Another question although I don't know if this is the right forum category, but it is about implement usage. I have a problem with ditches, about 12" wide and about 12-18" deep and about 30' long in a drainage area between fields. I think they were formed by rushing water into the drainage area as they show up in a couple of spots. These present a problem when mowing with a bush hog. I've tried to find a sickle bar mower but haven't had much luck yet.

Anyway, can I use a rear grader blade to smooth out and fill in these ditches? I think I can offset the blade enough and use the 3 pt to lower it into the area, but I don't want to damage the grader blade in the process. The 60" blade was bought from a Mahindra dealer and will be pulled by a Mahindra 2638. 
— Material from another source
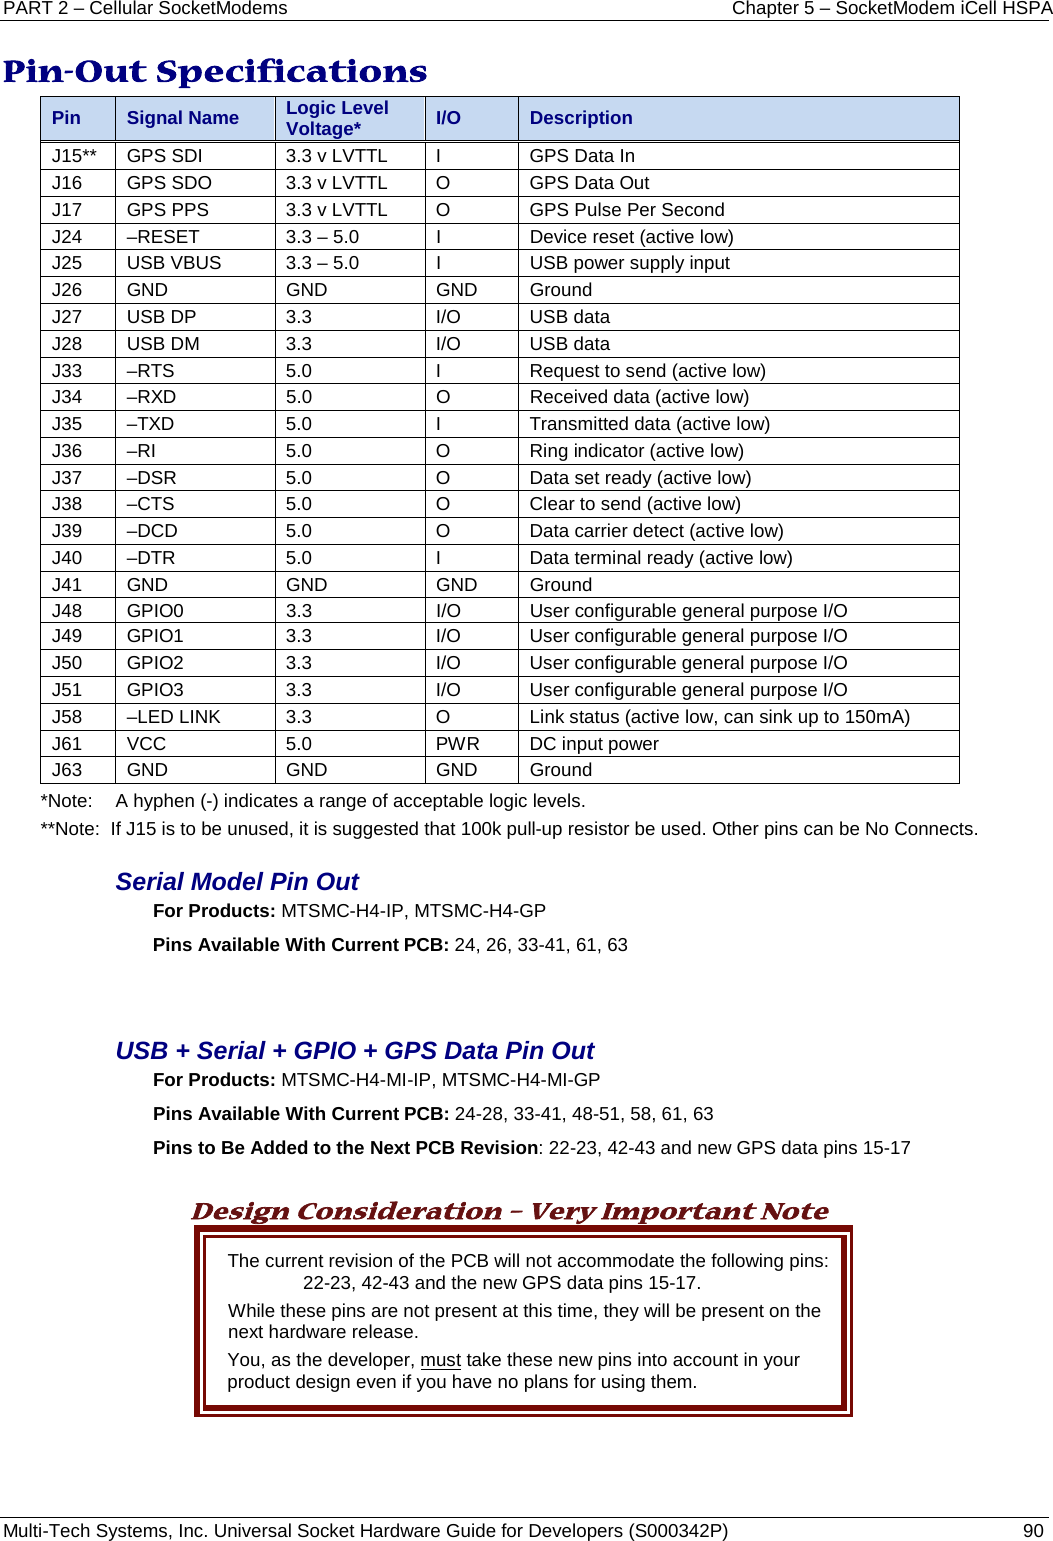 PART 2 – Cellular SocketModems Chapter 5 – SocketModem iCell HSPA Multi-Tech Systems, Inc. Universal Socket Hardware Guide for Developers (S000342P)  90  Pin-Out Specifications  Pin  Signal Name Logic Level Voltage* I/O Description J15** GPS SDI 3.3 v LVTTL  I  GPS Data In J16 GPS SDO 3.3 v LVTTL  O  GPS Data Out J17 GPS PPS 3.3 v LVTTL  O  GPS Pulse Per Second J24  –RESET  3.3 – 5.0  I  Device reset (active low) J25 USB VBUS 3.3 – 5.0  I  USB power supply input J26 GND GND GND Ground J27 USB DP 3.3 I/O USB data J28 USB DM 3.3 I/O USB data J33  –RTS 5.0  I  Request to send (active low) J34  –RXD 5.0  O  Received data (active low) J35  –TXD 5.0  I  Transmitted data (active low) J36  –RI 5.0  O  Ring indicator (active low) J37  –DSR 5.0  O  Data set ready (active low) J38  –CTS 5.0  O  Clear to send (active low) J39  –DCD 5.0  O  Data carrier detect (active low) J40  –DTR 5.0  I  Data terminal ready (active low) J41 GND GND GND Ground J48 GPIO0 3.3 I/O User configurable general purpose I/O J49 GPIO1 3.3 I/O User configurable general purpose I/O J50 GPIO2 3.3 I/O User configurable general purpose I/O J51 GPIO3 3.3 I/O User configurable general purpose I/O J58  –LED LINK 3.3  O  Link status (active low, can sink up to 150mA) J61 VCC 5.0 PWR DC input power J63 GND GND GND Ground *Note: A hyphen (-) indicates a range of acceptable logic levels. **Note:  If J15 is to be unused, it is suggested that 100k pull-up resistor be used. Other pins can be No Connects.  Serial Model Pin Out For Products: MTSMC-H4-IP, MTSMC-H4-GP Pins Available With Current PCB: 24, 26, 33-41, 61, 63   USB + Serial + GPIO + GPS Data Pin Out For Products: MTSMC-H4-MI-IP, MTSMC-H4-MI-GP Pins Available With Current PCB: 24-28, 33-41, 48-51, 58, 61, 63 Pins to Be Added to the Next PCB Revision: 22-23, 42-43 and new GPS data pins 15-17  Design Consideration – Very Important Note The current revision of the PCB will not accommodate the following pins:  22-23, 42-43 and the new GPS data pins 15-17.   While these pins are not present at this time, they will be present on the next hardware release.   You, as the developer, must take these new pins into account in your product design even if you have no plans for using them.

I don't have the skill to use the front loader and just get frustrated because I can't really see what I'm doing. Any other ideas?


----------



## pogobill (Jan 31, 2012)

I'd be careful not to get the tractor wheels sliding into the ditch causing a tip / roll over, and what are you going to grade into the ditch? Are you backfilling it, or are you thinking of making a wide less abrupt swale out of it?


----------



## bmaverick (Feb 20, 2014)

First loosen the soil that will be the fill. Next swing the blade to allow the tractor to push the pile in reverse to fill the holes. 

If the ground is rock solid, you may need a harrow or a ripper to work it loose first.


----------



## DGilbert (Jun 12, 2019)

Primarily, I just want to smooth it out so it's less of a hazard while mowing. The grass grows high enough that I don't often know exactly where the ditch edge is. I tried backing up the brush hog, but it drops off at the edge and isn't effective at that point.

I think I'm more afraid of getting the tractor stuck in the ditch as it is now and would need a neighbor to come pull me out, unless there's a AAA for amateur equipment operators. Even with the 4 wheel drive, I can see it being hard to get out of should I drop a wheel. I hadn't given much thought to a tip over.


----------